The public inquiry into plans for a new container terminal at the site has this week been dealing with the issue of silt being dredged from the bay and then deposited on marshes between Hythe and Fawley.

But when he gave his evidence on the testing work, civil engineer Kim Candler told the inquiry just how soft the mud could be.

A consultant on a range of aspects including groundworks and land reclamation, he said: "There was one area where a colleague of mine was up to mid-thigh in a very short time and we had to drag him back."

Shortly after that revelation, he was cross-examined by English Nature counsel Graham Machin, who said he had also had an alarming experience himself in finding out just how soft and dangerous the mud was. English Nature, the government's conservation watchdog, is one of the groups objecting to the bay plan and to the pumping of dredgings on to the marshland.

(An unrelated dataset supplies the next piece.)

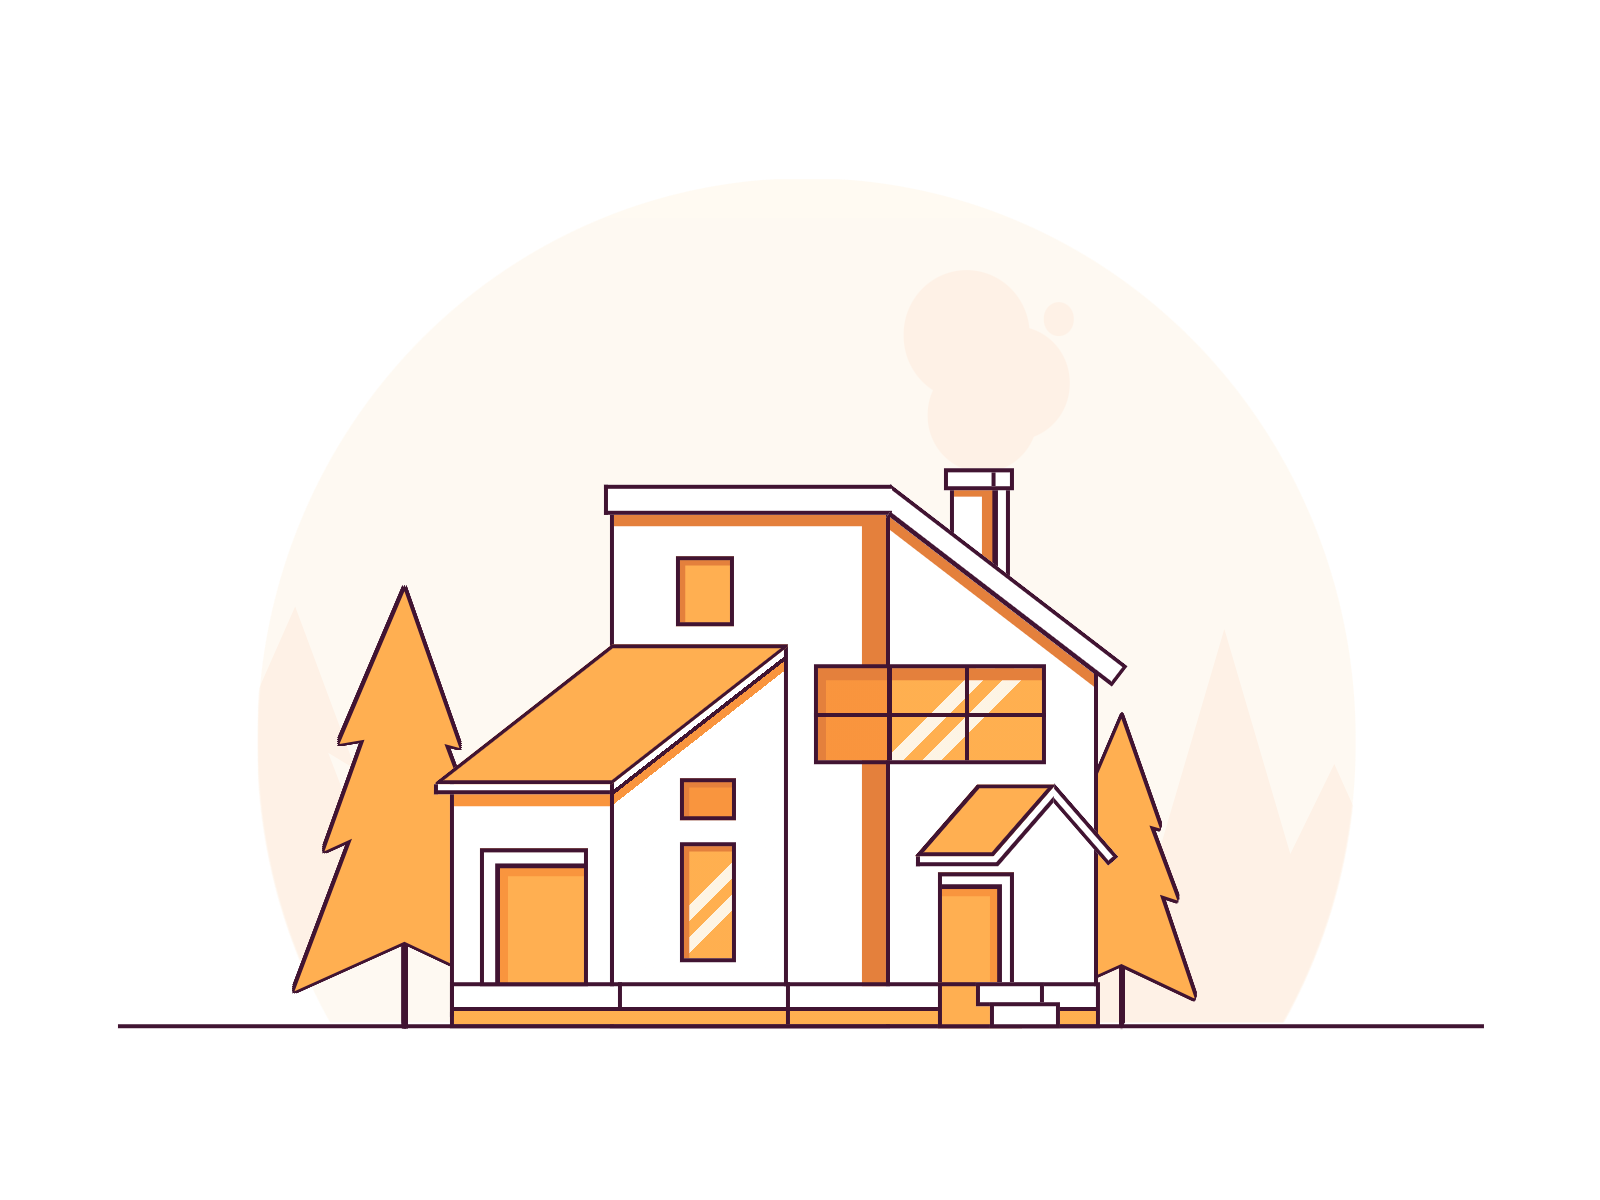 Minimalistic drawing of a house using lines
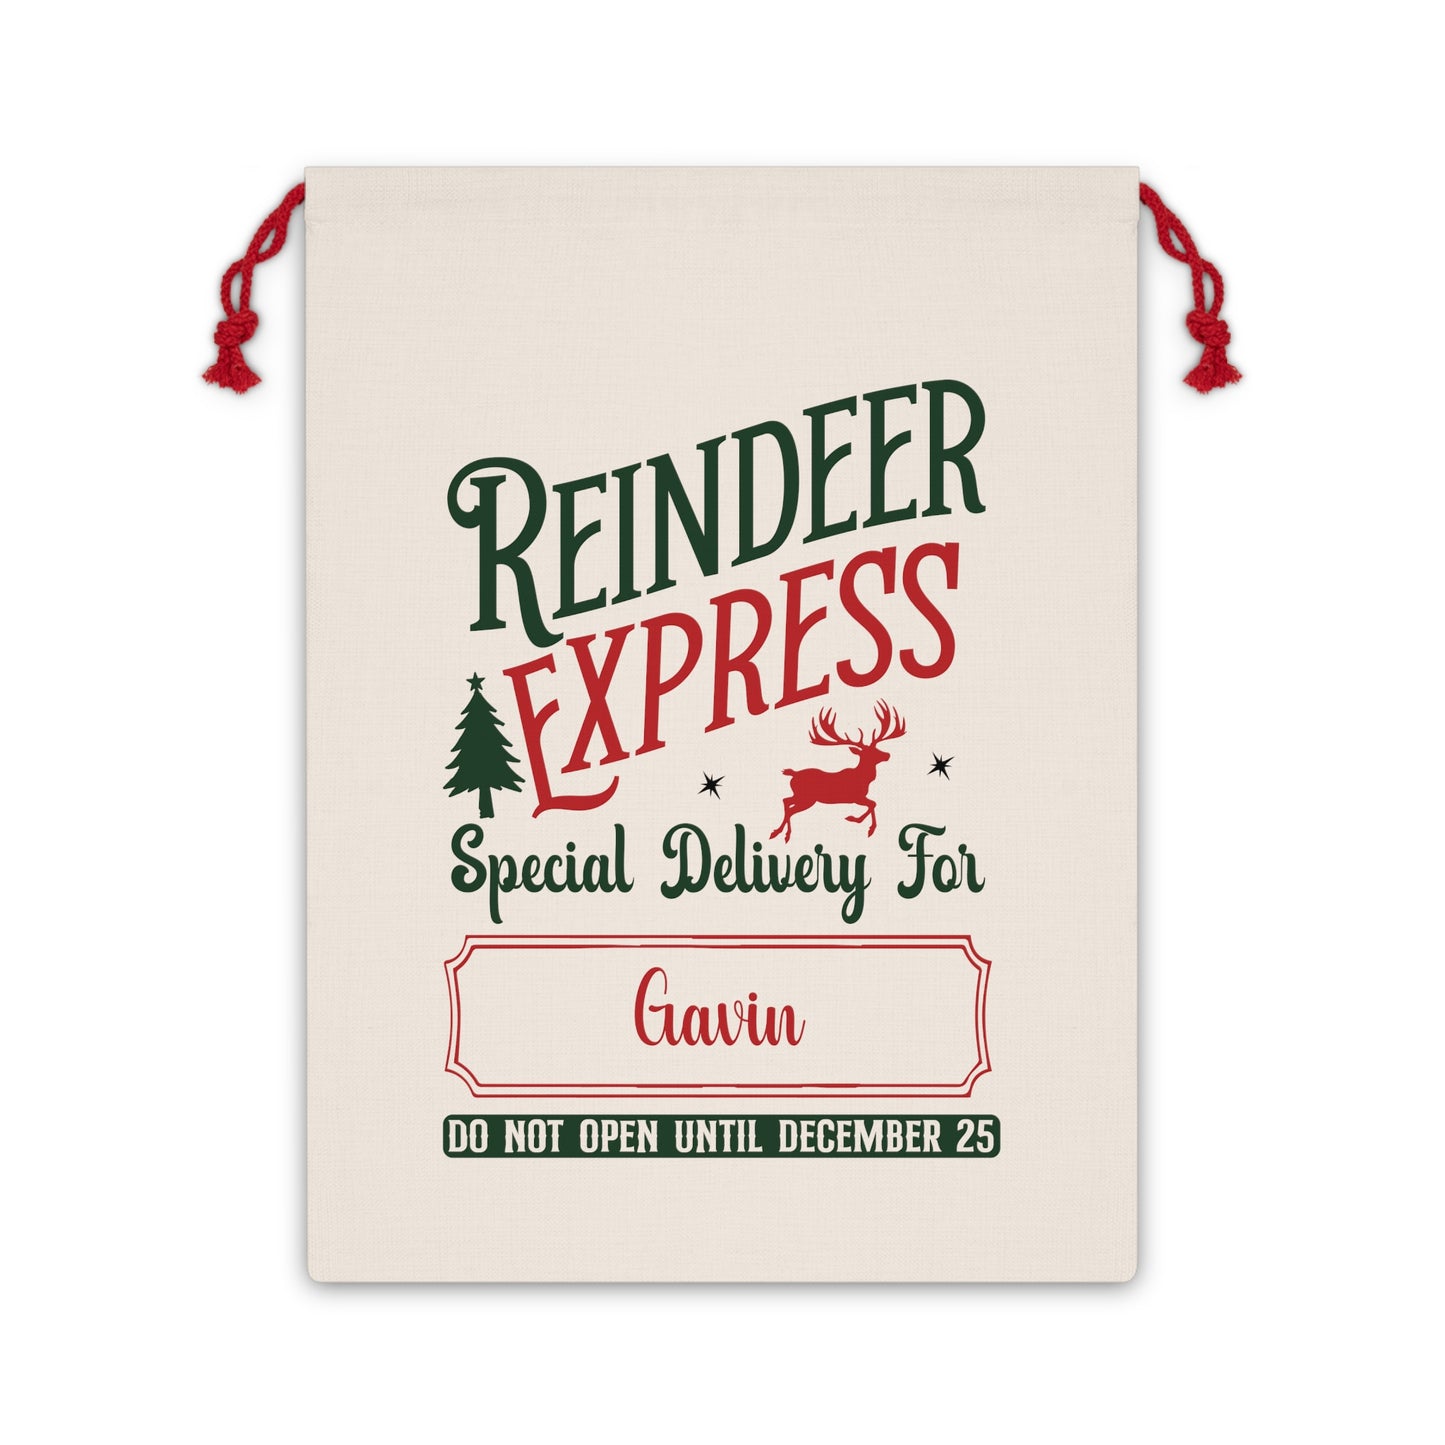 Personalized from Santa Gift Bag - Reindeer Express Special Delivery

Mr Machin told the in-quiry that the terminal project involved dredging 13 million cubic metres of materials with about 20 per cent being used to build up the level of the marshes.

But after indicating that the recharging of the marshes was likely to take around four years, he was quizzed by the inquiry's deputy inspector Andrew Phillipson.

Mr Phillipson suggested that because of the way the work was being done and the three-kilometre length of coastline involved, it was more likely to take 10 years.

The inquiry, set to last until mid-November, will resume on Tuesday when experts employed by the main objectors, including English Nature, Hampshire County and New Forest District Councils and the Environment Agency begin giving their evidence.